TRY IT => Quote the whole listing exactly. Leave the pictures out of your copy.

DATA =>
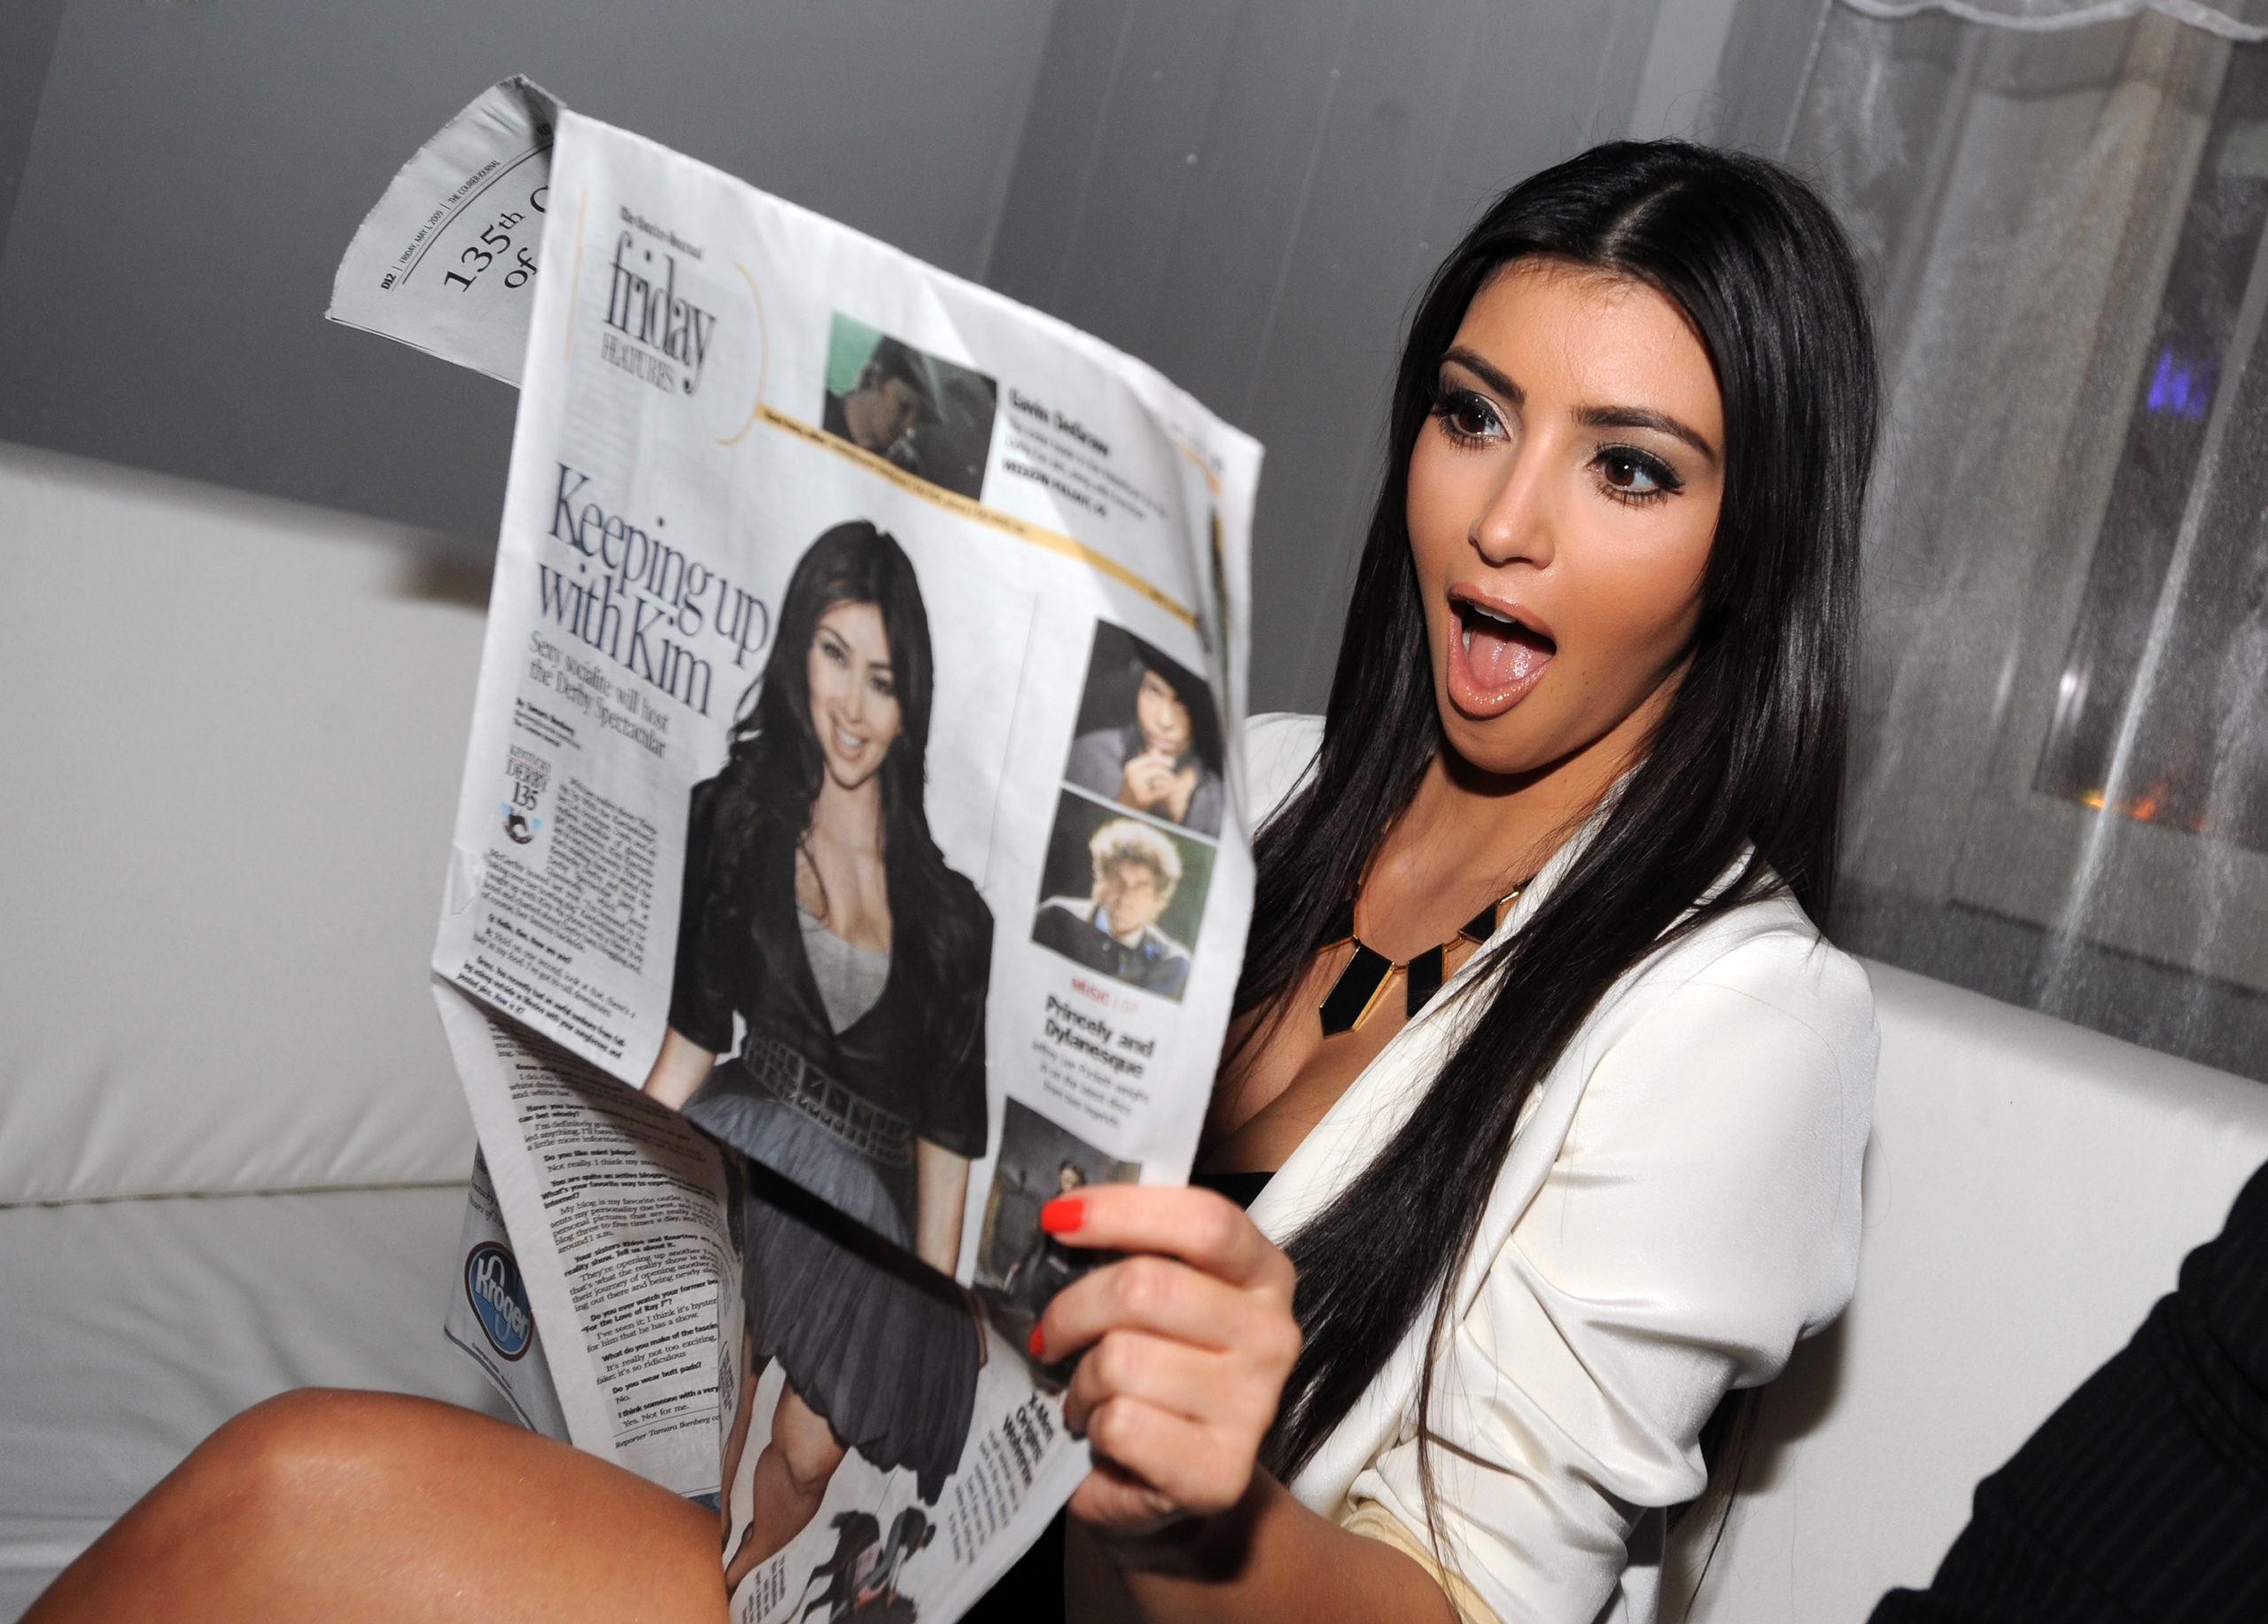 No longer keeping up with the Kardashians: A heartfelt goodbye to a complicated matriarchy - Daily Maverick
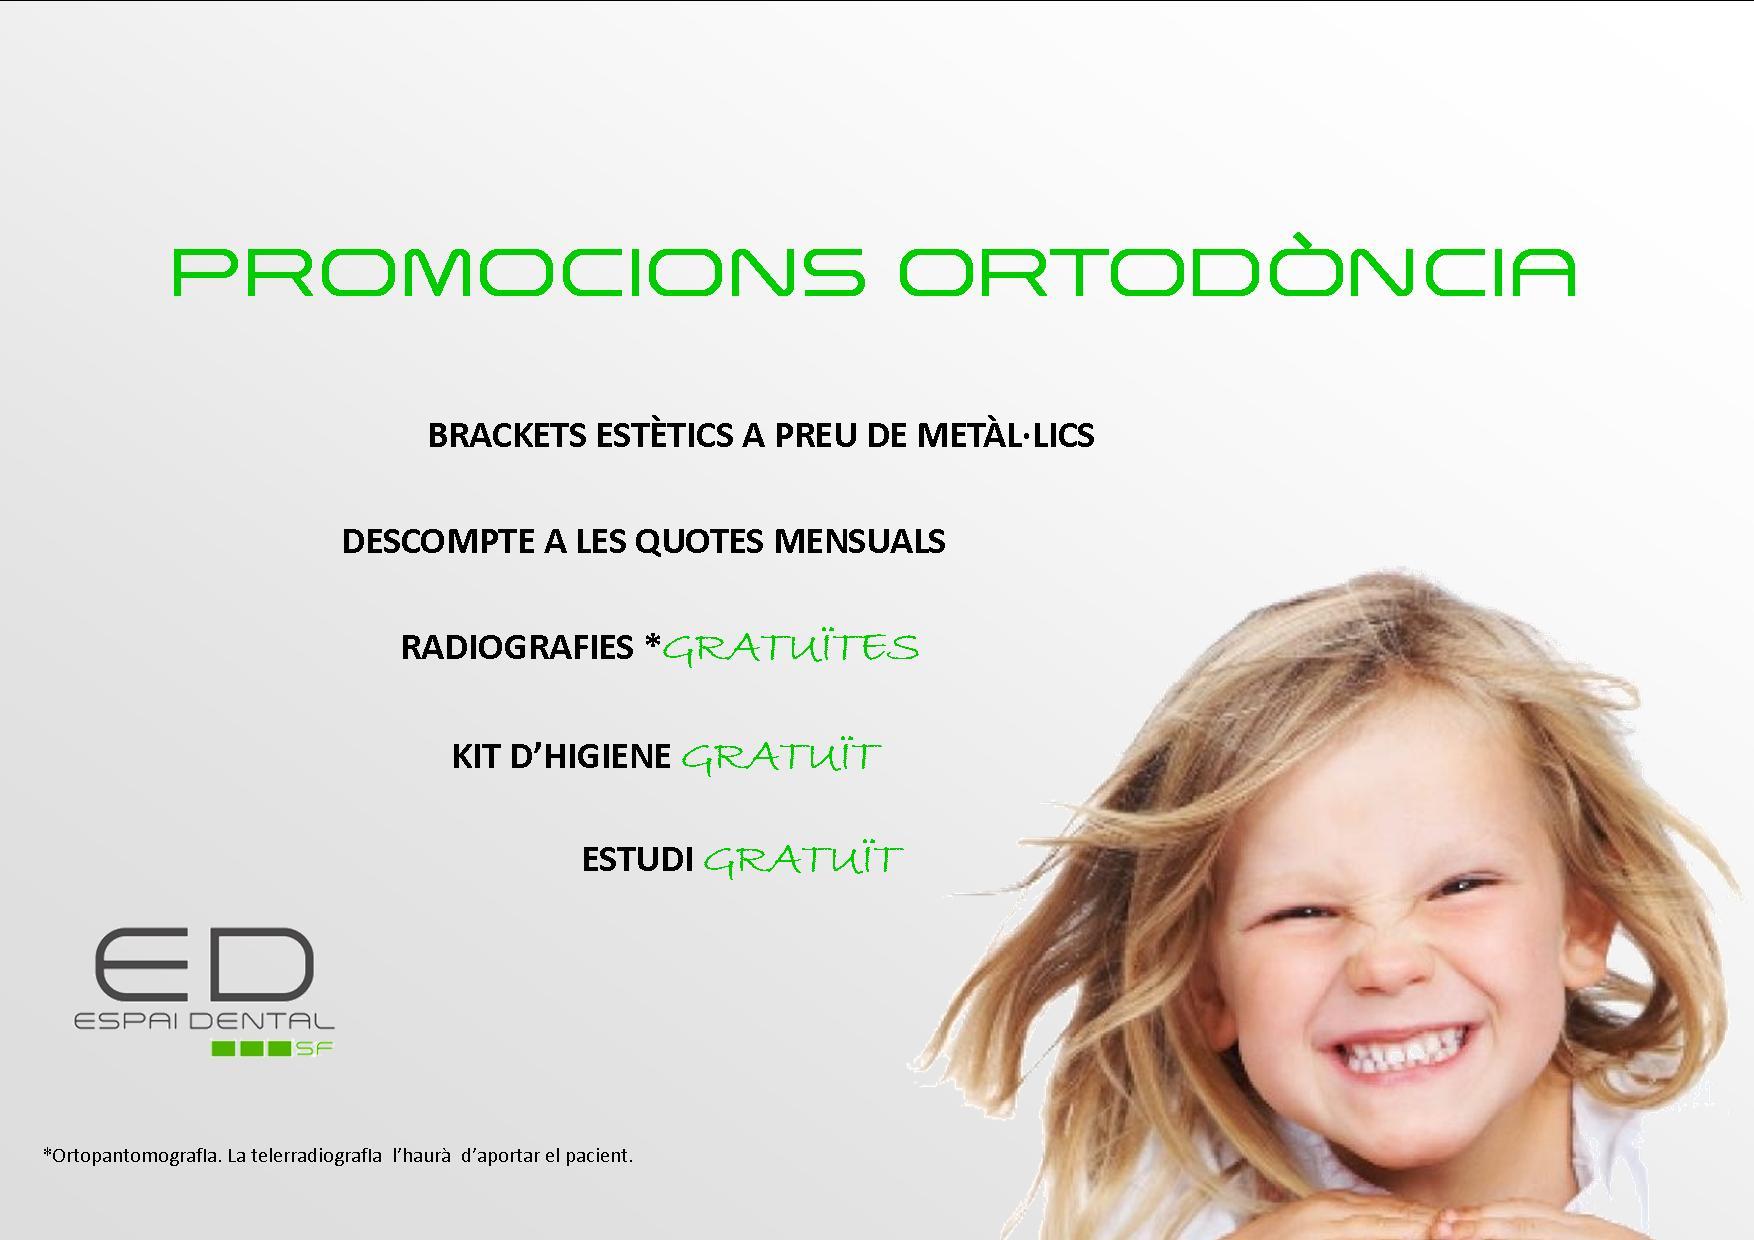 promociones-ortodoncia-cat
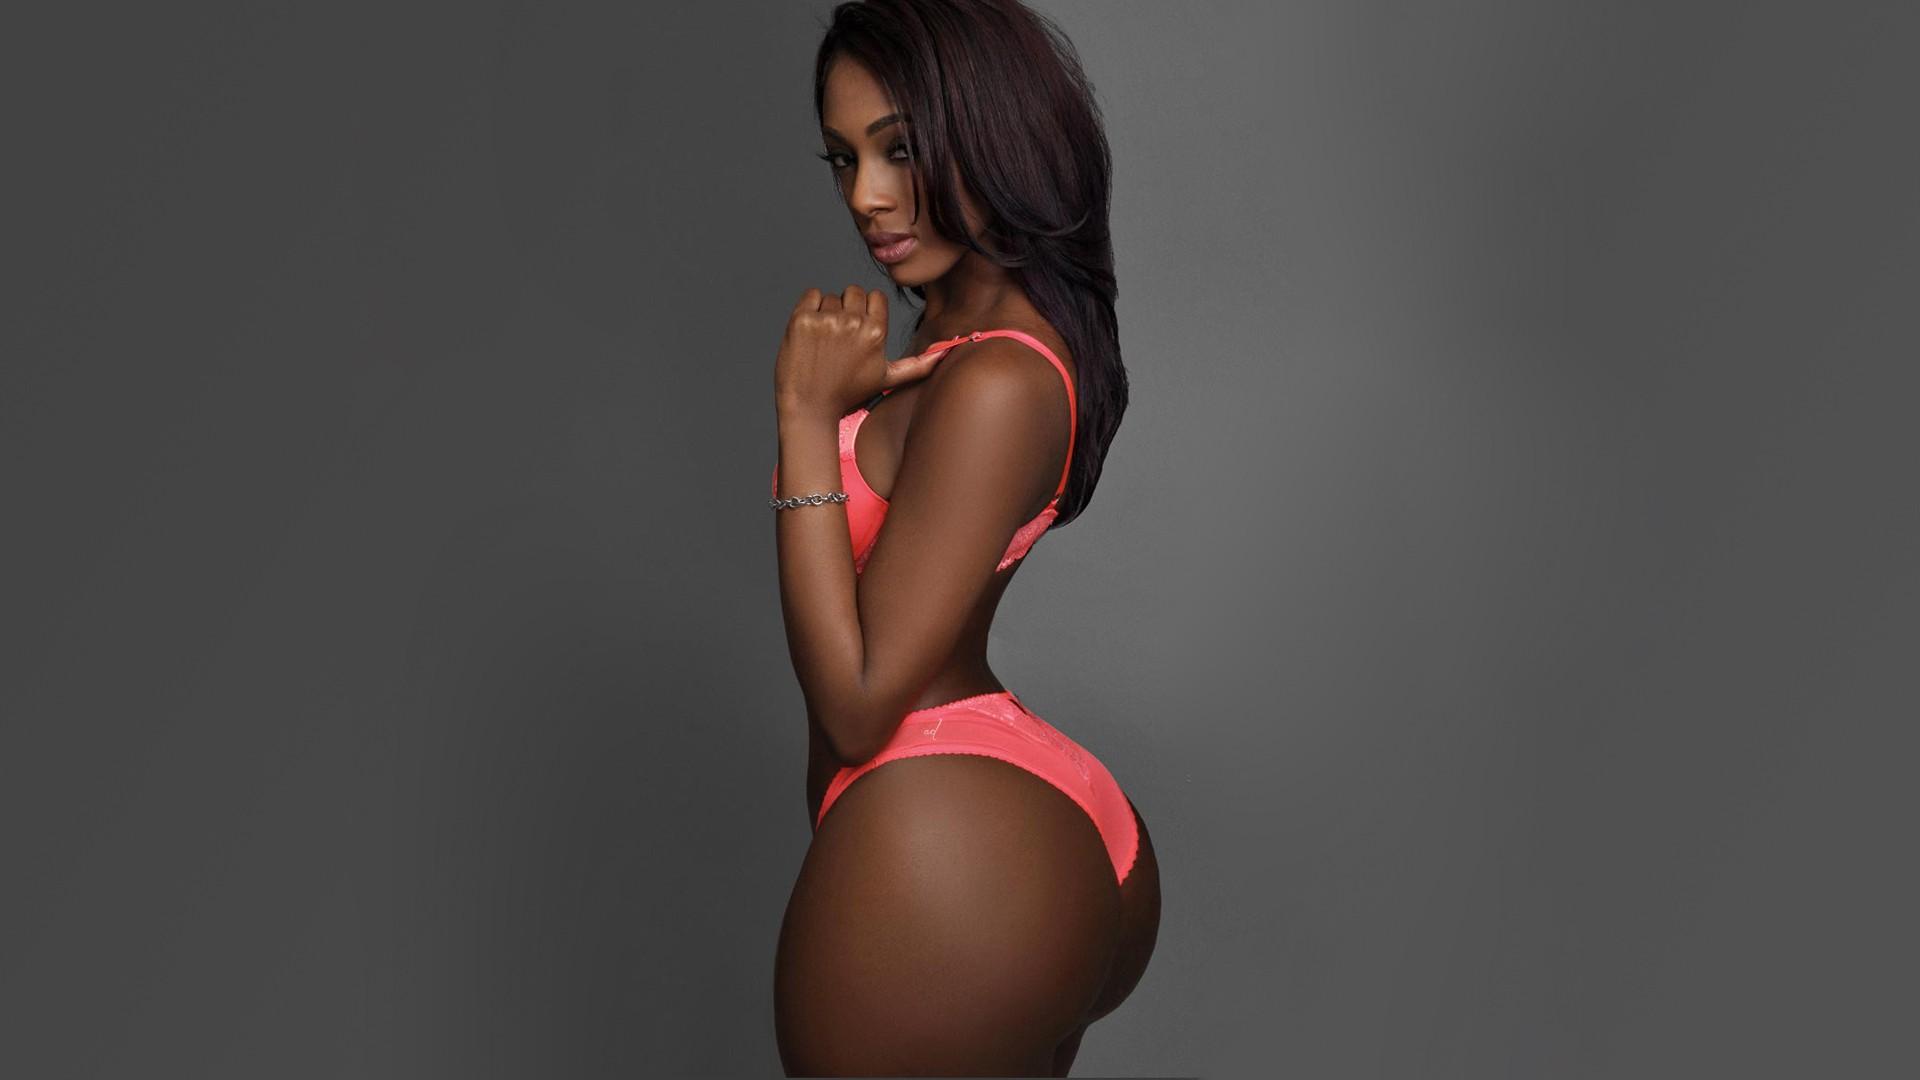 People 1920x1080 Brooke Show model brunette ass gray background ebony lingerie pink lingerie bra panties arched back

ANSWER BOX =>
 No longer keeping up with the Kardashians: A heartfelt goodbye to a complicated matriarchy - Daily Maverick
 promociones-ortodoncia-cat
 People 1920x1080 Brooke Show model brunette ass gray background ebony lingerie pink lingerie bra panties arched back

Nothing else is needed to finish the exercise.